The groundwater level (GWL) fluctuates significantly with seasons, which may alter the suction distribution within the ground. Studies have shown that the variation of soil suction can affect the mechanical behavior of the piles. However, few pile load tests have been conducted under controlled suction distribution conditions. Thus, there is a lack of quality data to numerically quantify the influence of suction on the bearing capacity of piles in unsaturated ground. In this study, we propose a novel experimental–numerical approach to quantitatively examine the effects of suction on open-ended single piles in unsaturated ground. A novel model test device was first designed in which the suction distribution of the soil was uniformly controlled using hanging water column technique with a microporous membrane filter. Using this device, a series of load tests were conducted on a model open-ended pile in sandy ground under three specific suction conditions. A soil–water–air coupled finite-element-finite-difference analysis method was used to simulate the model test results. The test and simulation results showed that the suction generated by the changes in GWL increases the Bishop-type skeleton stress and dilatancy of the soil, thereby strengthening the bearing capacity of the pile.
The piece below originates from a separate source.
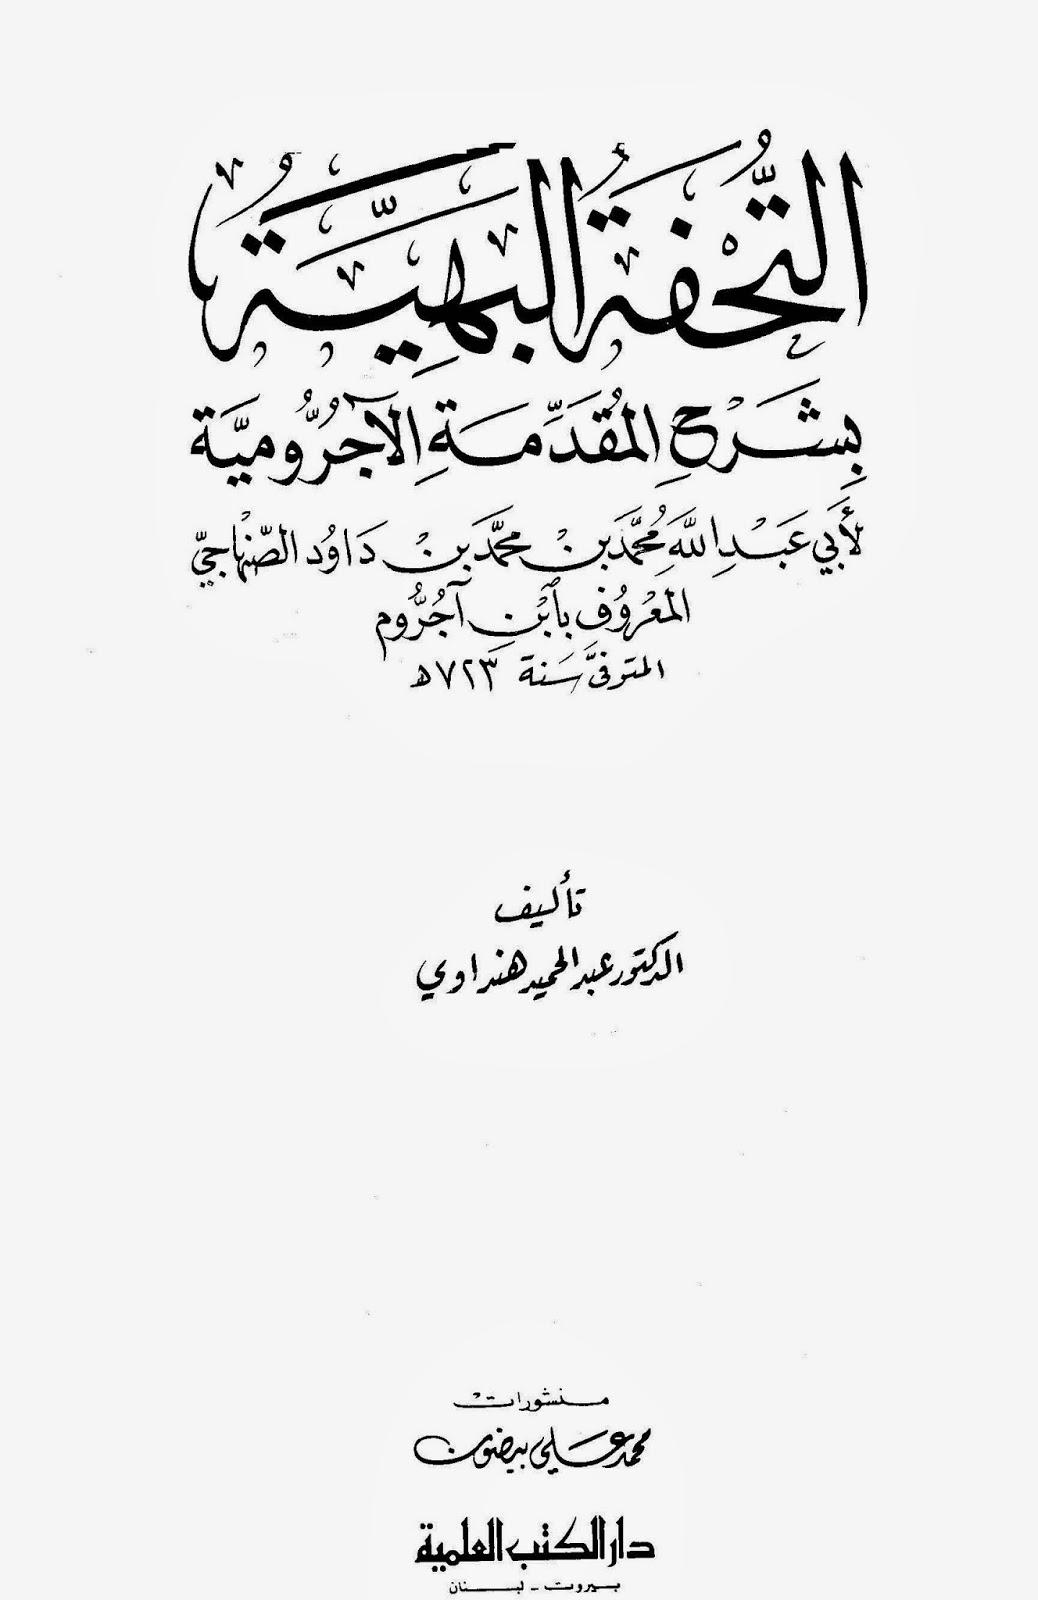 التحفة البهية بشرح المقدمة الآجرومية - عبد الحميد الهنداوي pdf

Additionally, the numerical method accurately captured the bearing characteristics of the pile in unsaturated ground, making it possible for engineers to efficiently estimate the bearing capacity of the pile in real unsaturated ground, which still remains a puzzle problem and is being avoided constantly till now.

查看原文本刊更多论文

一种新的试验-数值方法定量评价非饱和地基中开放式桩

地下水位随季节波动较大，这可能会改变地下吸力的分布。研究表明，土体吸力的变化会影响桩的受力性能。然而，在控制吸力分布条件下进行的桩载试验很少。因此，对于非饱和地基中吸力对桩承载力的影响，目前还缺乏高质量的数值量化数据。在这项研究中，我们提出了一种新的实验-数值方法来定量研究吸力对非饱和地基中开放式单桩的影响。首先设计了一种新型的模型试验装置，该装置采用微孔膜过滤器悬挂水柱技术均匀控制土壤的吸力分布。利用该装置，在沙地上对模型开放式桩进行了三种特定吸力条件下的荷载试验。采用土-水-空气耦合有限元-有限差分分析方法对模型试验结果进行了模拟。试验和模拟结果表明，GWL变化产生的吸力增大了土体的bishop型骨架应力和剪胀力，从而增强了桩的承载力。此外，该数值方法准确地捕捉了非饱和地基中桩的承载特性，使工程师能够有效地估计实际非饱和地基中桩的承载力，这是一个至今仍未解决的难题。

本文章由计算机程序翻译，如有差异，请以英文原文为准。

求助全文

约1分钟内获得全文求助全文

来源期刊

Computers and Geotechnics 地学-地球科学综合

CiteScore

9.10

自引率

15.10%

发文量

438

审稿时长

45 days

期刊介绍： The use of computers is firmly established in geotechnical engineering and continues to grow rapidly in both engineering practice and academe. The development of advanced numerical techniques and constitutive modeling, in conjunction with rapid developments in computer hardware, enables problems to be tackled that were unthinkable even a few years ago. Computers and Geotechnics provides an up-to-date reference for engineers and researchers engaged in computer aided analysis and research in geotechnical engineering. The journal is intended for an expeditious dissemination of advanced computer applications across a broad range of geotechnical topics. Contributions on advances in numerical algorithms, computer implementation of new constitutive models and probabilistic methods are especially encouraged.